- The Washington Times - Thursday, June 1, 2006


The U.S. economy appears to be shifting into a lower gear with residential construction falling sharply and manufacturing activity slowing. The big question: Will the slowdown come in time to keep inflation from heating up?

Investors got mixed signals on inflation in a raft of new economic data yesterday, with a key gauge of wage inflation posting an improved reading and a barometer of manufacturing prices posting a sharp increase.

Wall Street chose to focus on the benign inflation reading and strong May sales gains reported by many retailers.

Private analysts cautioned, however, that lingering inflation pressures may prompt the Federal Reserve to push interest rates up one or two more times, even as the economy slows to a more sustainable pace.

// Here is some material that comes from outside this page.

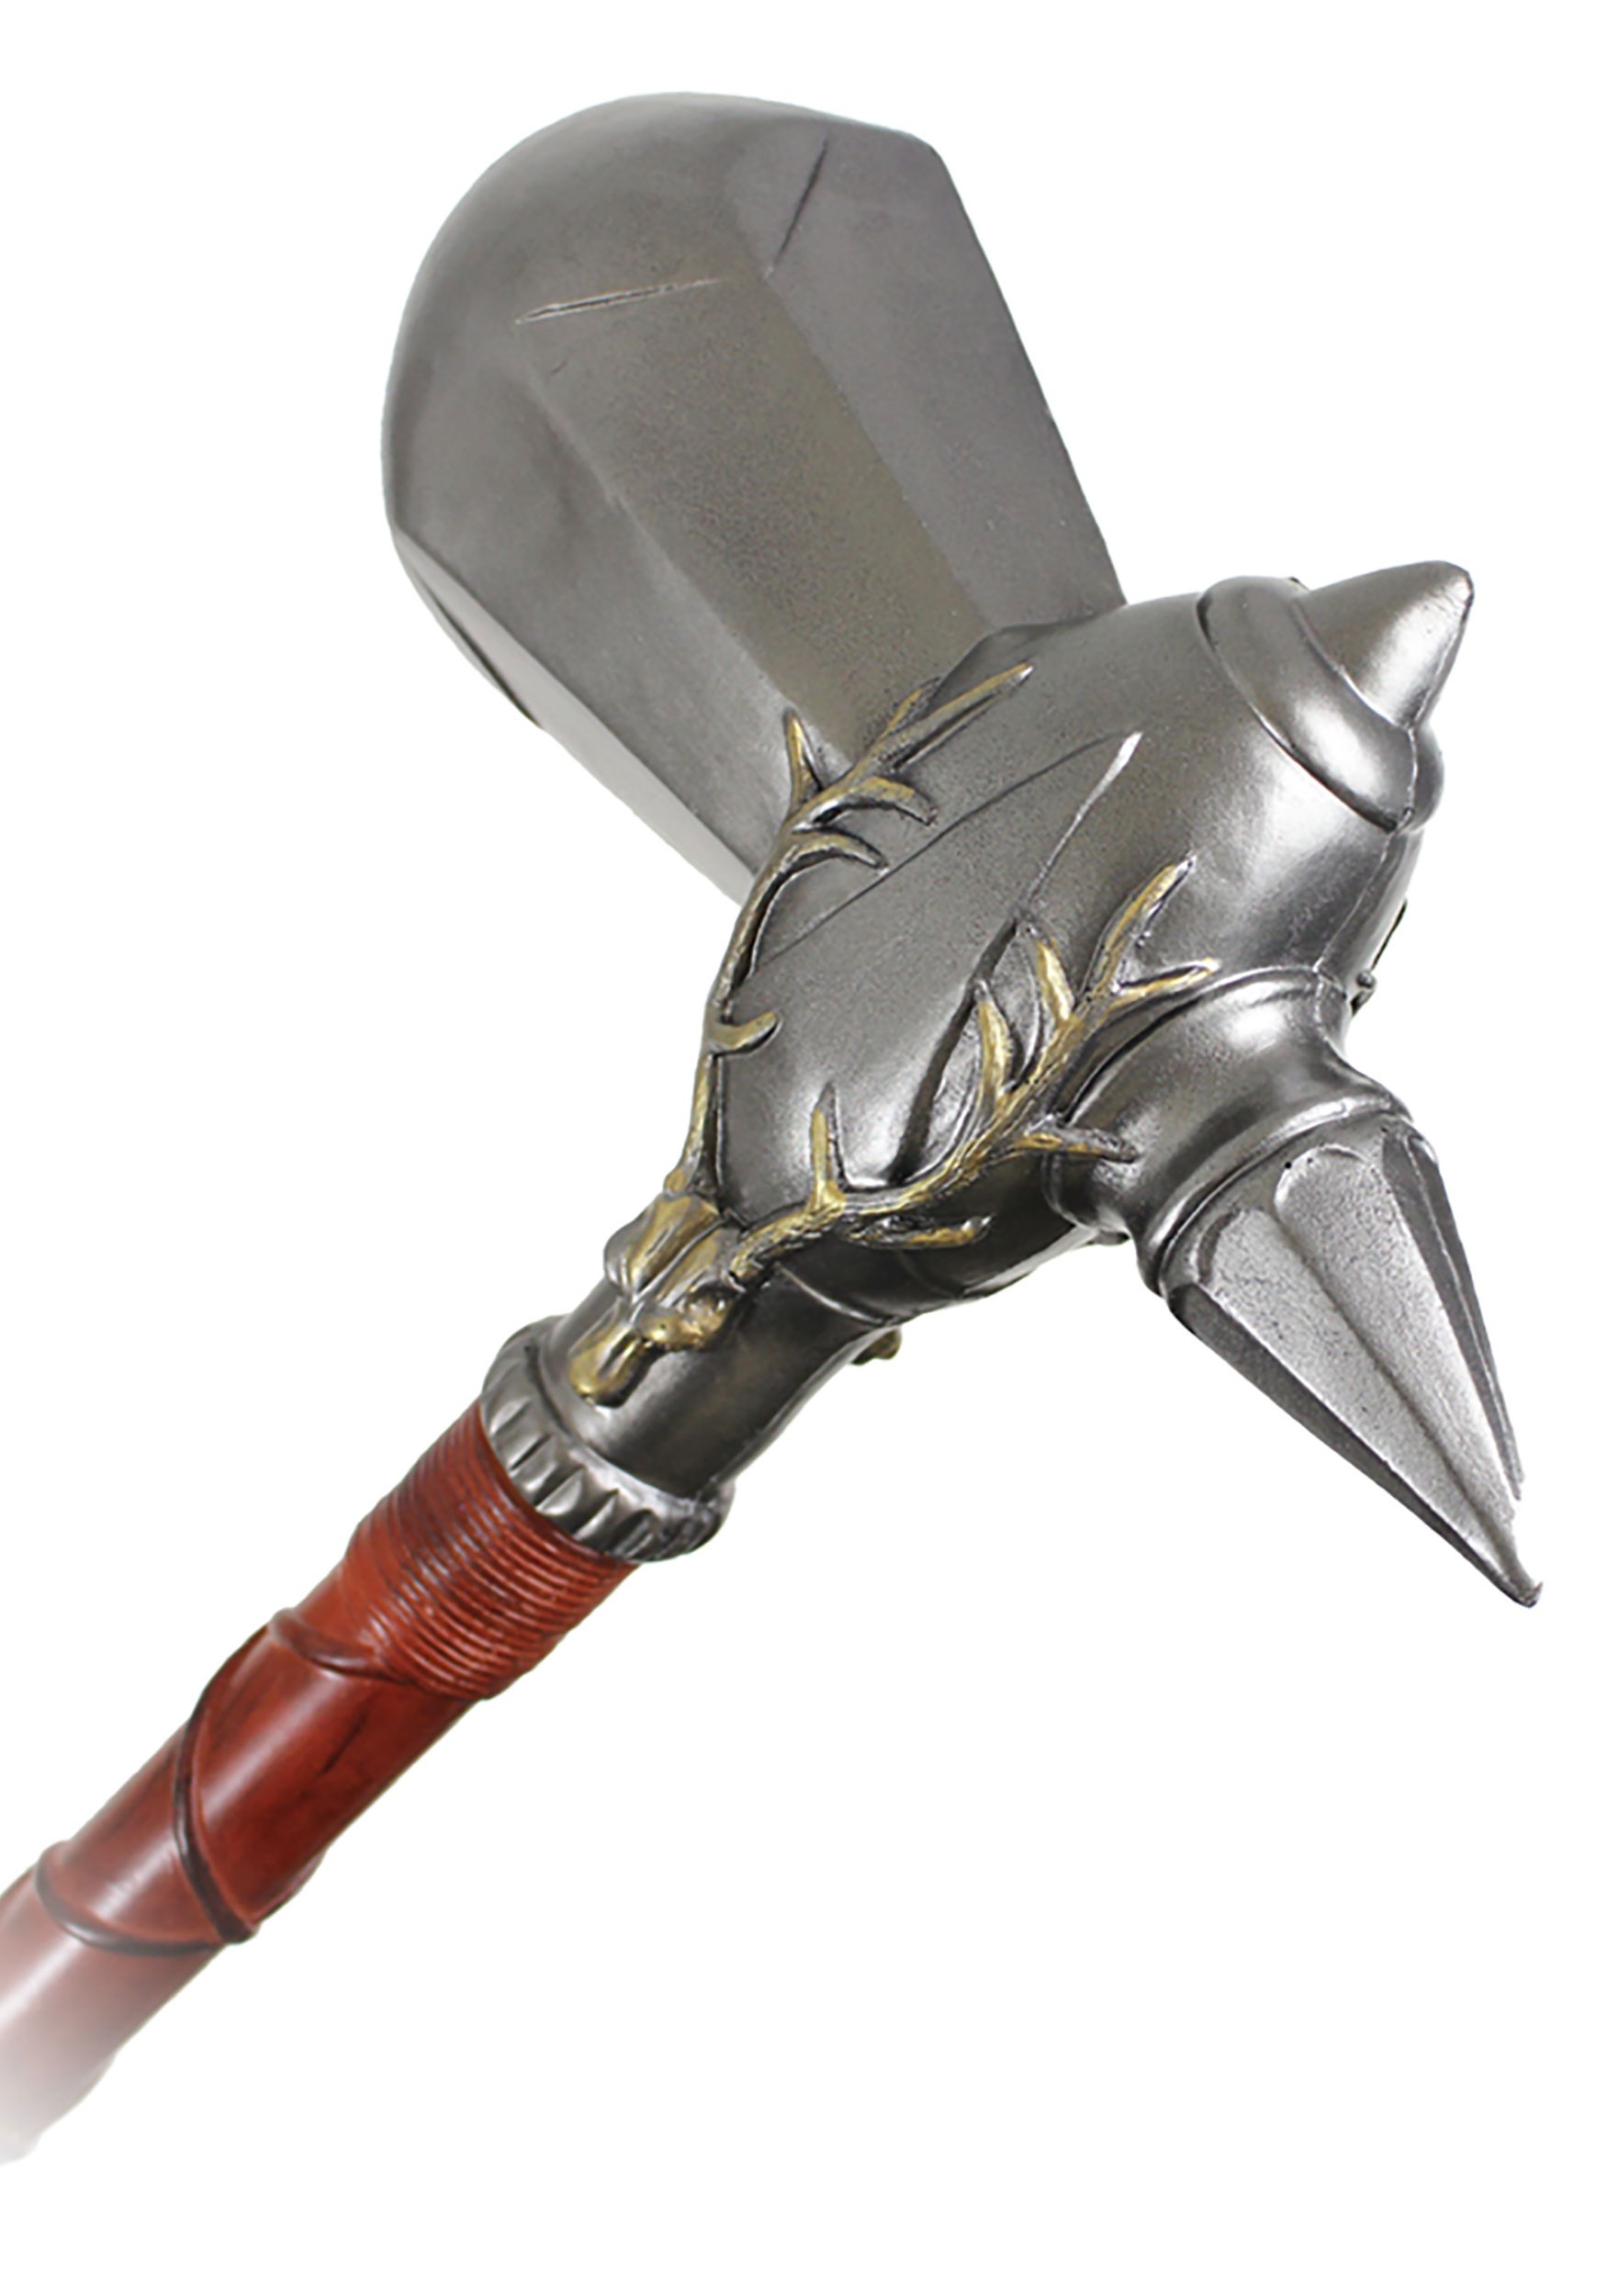 Game Of Thrones Gendry's Foam Warhammer Toy Weapon

On the slowdown front, the Commerce Department reported that residential home building dropped by 1.1 percent in April, the biggest decrease since January 2004.

The drop was large enough to pull overall construction spending down by 0.1 percent after the building industry set a string of record highs in recent months, reflecting a boom period fueled by the lowest mortgage rates in more than four decades.

In other signs of slowing, a key gauge of manufacturing activity edged down to the lowest level in nine months. The Institute for Supply Management’s manufacturing index dipped to a reading of 54.4 in May, down from 57.3 in April.

Analysts said manufacturing momentum has ebbed significantly over the past four months, reflecting weaker orders. But an inflation gauge tied to the manufacturing index jumped by the sharpest amount in eight months, reflecting rising costs for raw materials.

In areas of strength, many nationwide chain stores reported better-than-expected sales results in May as consumers shook off sagging confidence readings to shop with enthusiasm for clothing and other products.

But even there, the story was mixed as Wal-Mart, the nation’s largest retailer, failed to meet analysts’ expectations as its lower-income customers felt squeezed by $3-per-gallon gasoline.

“The economy is strong but it is throttling back a notch,” said Mark Zandi, chief economist at Moody’s Economy.com.

He said Fed officials will probably remain undecided about whether to raise rates again at their June 28-29 meeting until they see further data, including today’s unemployment report, which is expected to show strong employment growth of around 170,000 workers in May.